Working full-time doesn’t always make it easy to get workplace health insurance



CNN

Millions of Americans have signed up for health insurance with their companies in recent weeks. But for some full-time workers, especially in certain industries like construction, work-based coverage is not an option for them.

This divide was even more evident as the labor market bounced back to life in 2021 after sharp losses at the start of the Covid-19 pandemic.

Although the number of full-time, year-round workers aged 19 to 64 jumped by 10.4 million last year, the uninsured rate for that group also rose, up 0.6 percentage points to 9.1 %, according to data from the Census Bureau.

This is partly due to the fact that the occupations that had the largest increase in the share of full-time workers last year was services and construction, which are less likely to provide work-based health benefits. Only about 62% of service workers and 56% of construction workers have employer-sponsored insurance.

At the same time, the share of people employed in professional and managerial occupations – which have the highest workplace coverage rates of 89% and 85% respectively – fell slightly last year. This also contributed to the decline in coverage among all full-time and year-round workers.

Overall, just over half of Americans have health benefits through their employer or a family member’s job, according to the Census Bureau. Among workers aged 19 to 64, the share is 71%, although it varies by industry.

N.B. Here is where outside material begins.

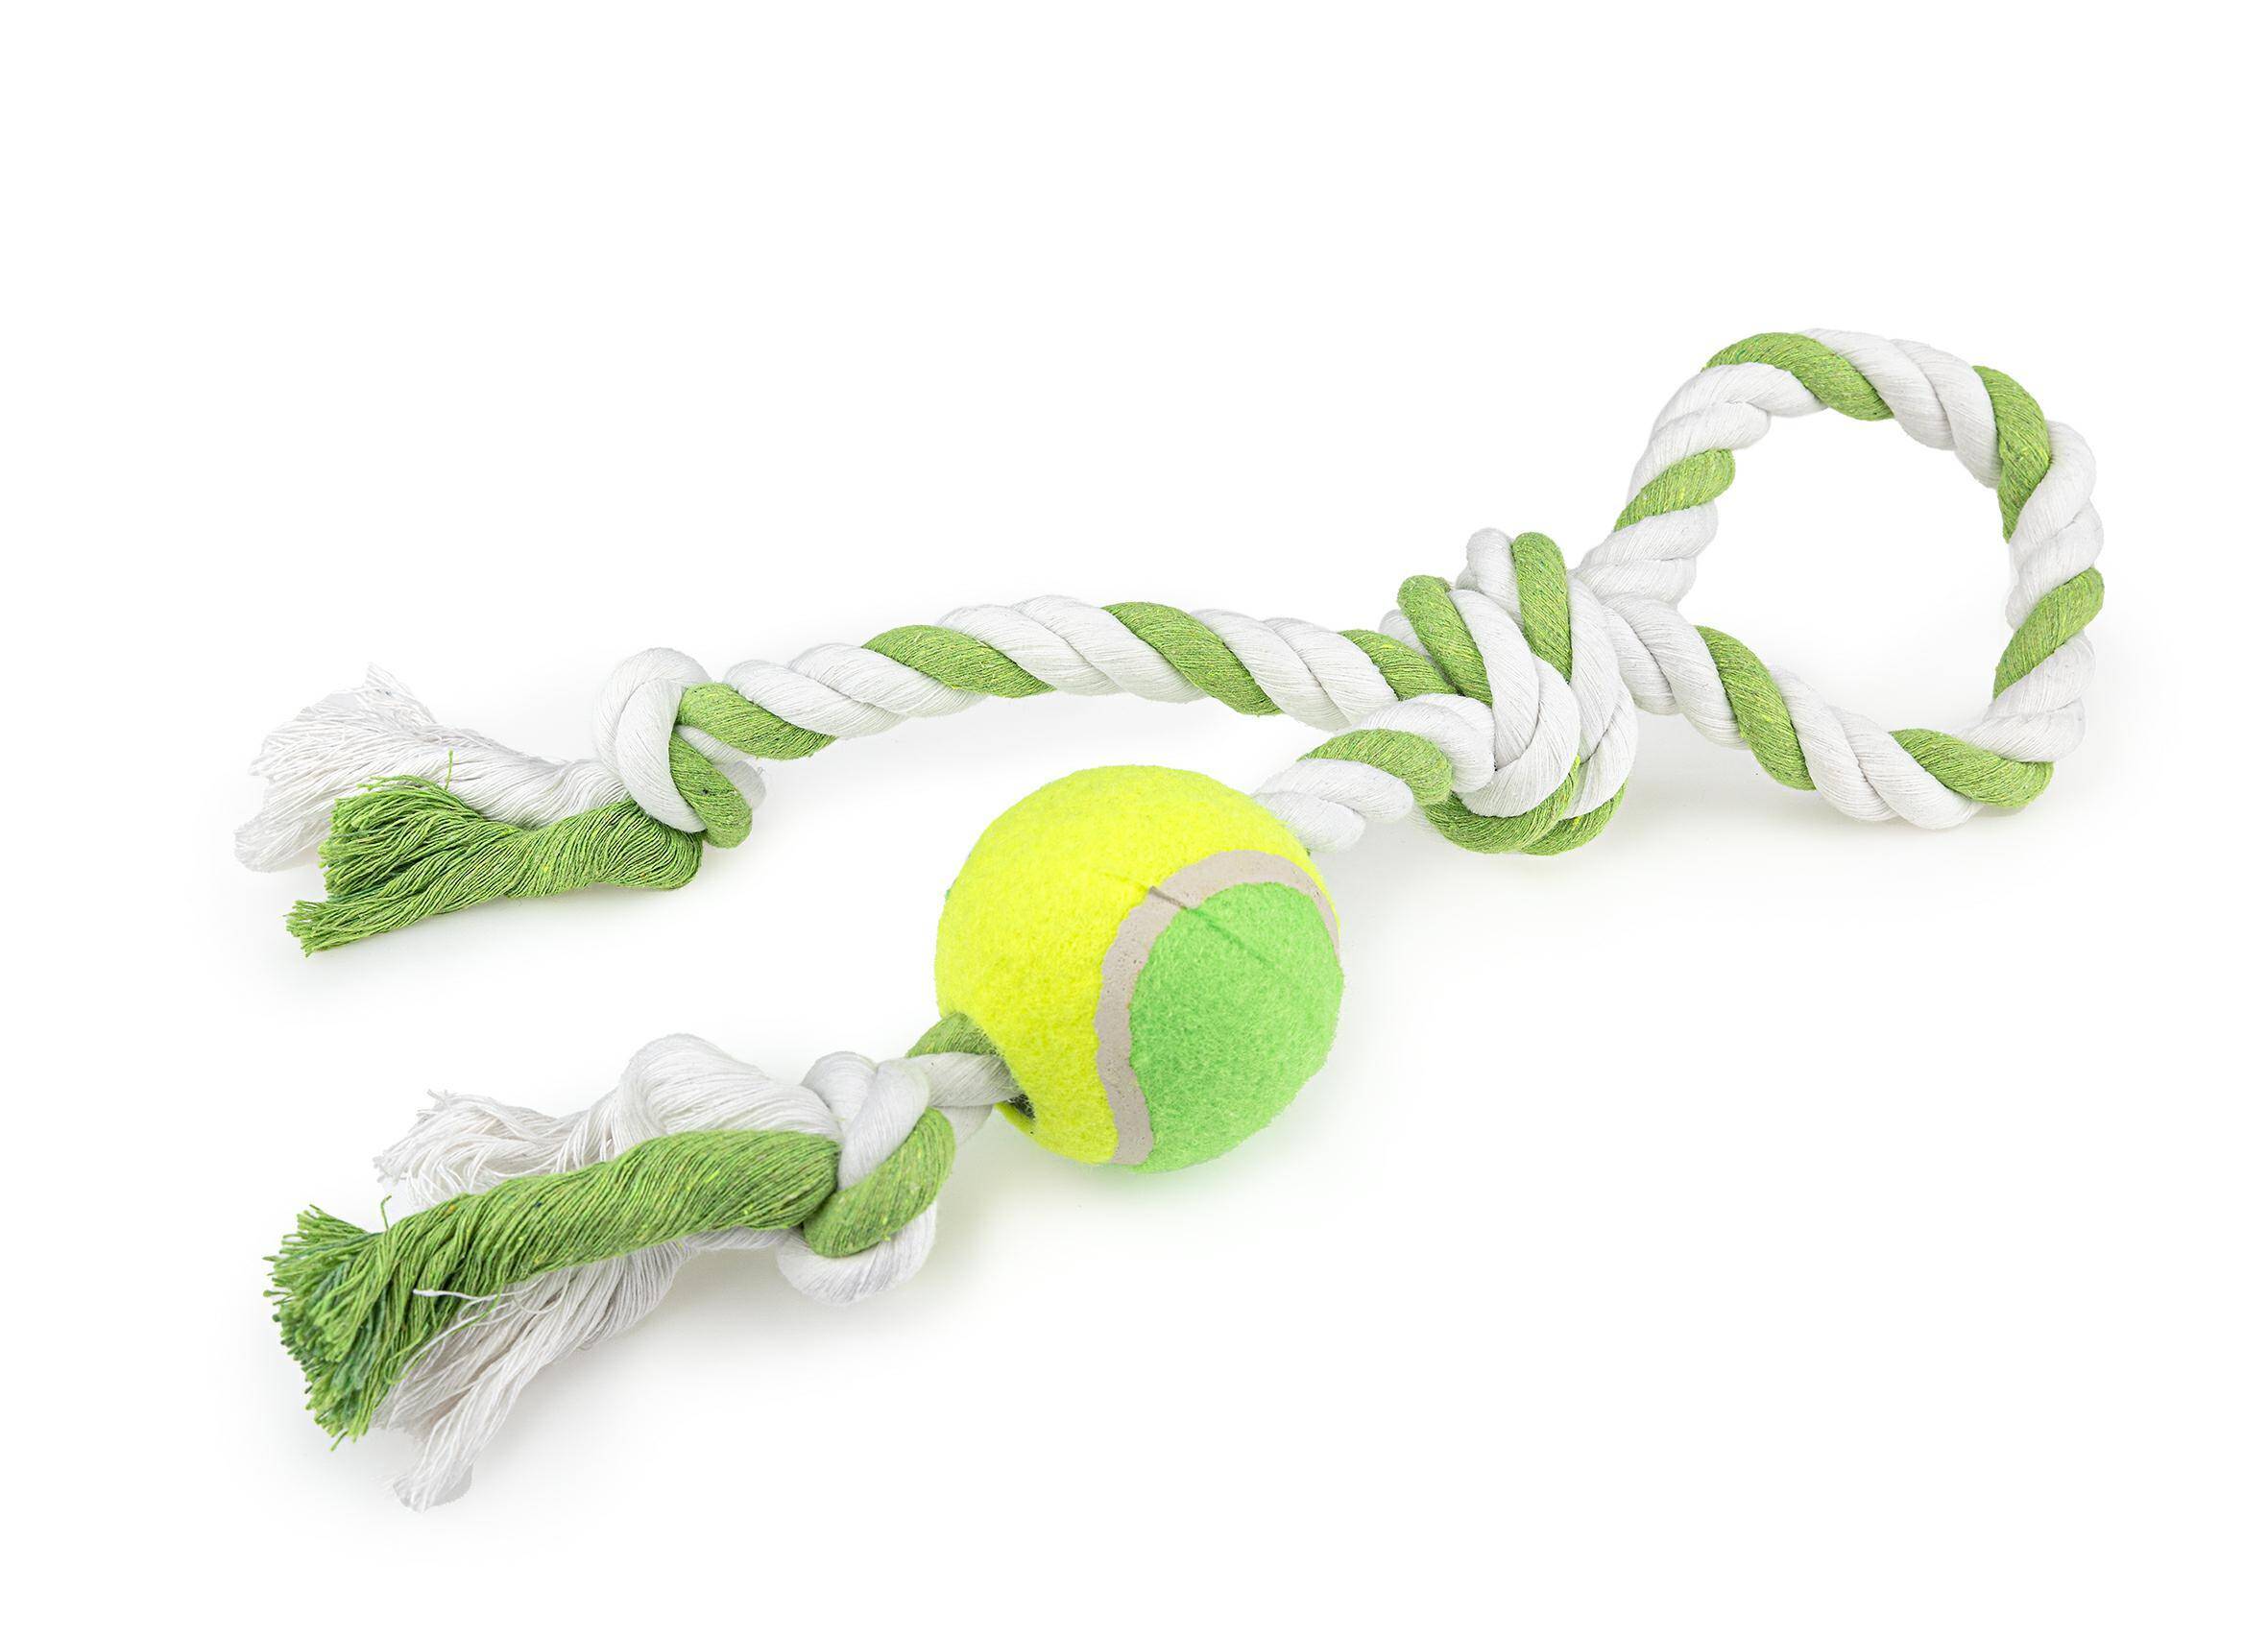 Zabawka sznurek pętla + tenis Happet Z549 40cm (Zdjęcie 2)

In 2021, a greater share of full-time, year-round workers had public coverage, such as Medicaid, but that has not yet fully offset the decline in private coverage, which includes work-based health benefits, the Bureau of Labor Statistics found. census.

More of those workers were able to participate in Medicaid last year because of Congress’s 2020 pandemic relief package, which gives states additional federal funds for Medicaid but prohibits them from disenrolling beneficiaries even if their incomes are too high to to meet the usual conditions. Enrollment had risen to 90 million as of July, but is expected to drop by about 15 million after the federal government ends the public health emergency.

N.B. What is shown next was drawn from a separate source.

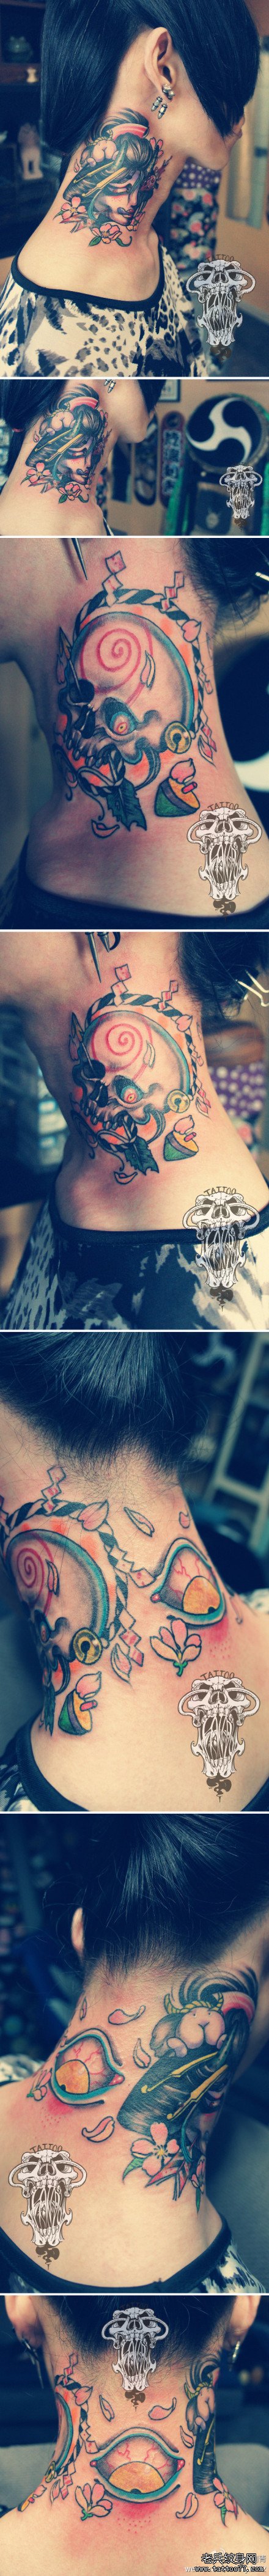 脖子处潮流经典的艺妓骷髅与眼睛纹身图案

Increasing Medicaid enrollment helped reduce the nation’s overall uninsured rate to 8.3 percent in 2021, among the lowest on record.

Although employer-sponsored coverage is generally considered the gold standard, some of the luster has worn off.

“There’s already been a quiet crisis in employer-sponsored insurance for quite some time, especially for lower-income workers and workers in certain industries,” said Sabrina Corlett, co-director of the Center for Health Insurance Reform at Georgetown University’s McCourt School of Public Policy.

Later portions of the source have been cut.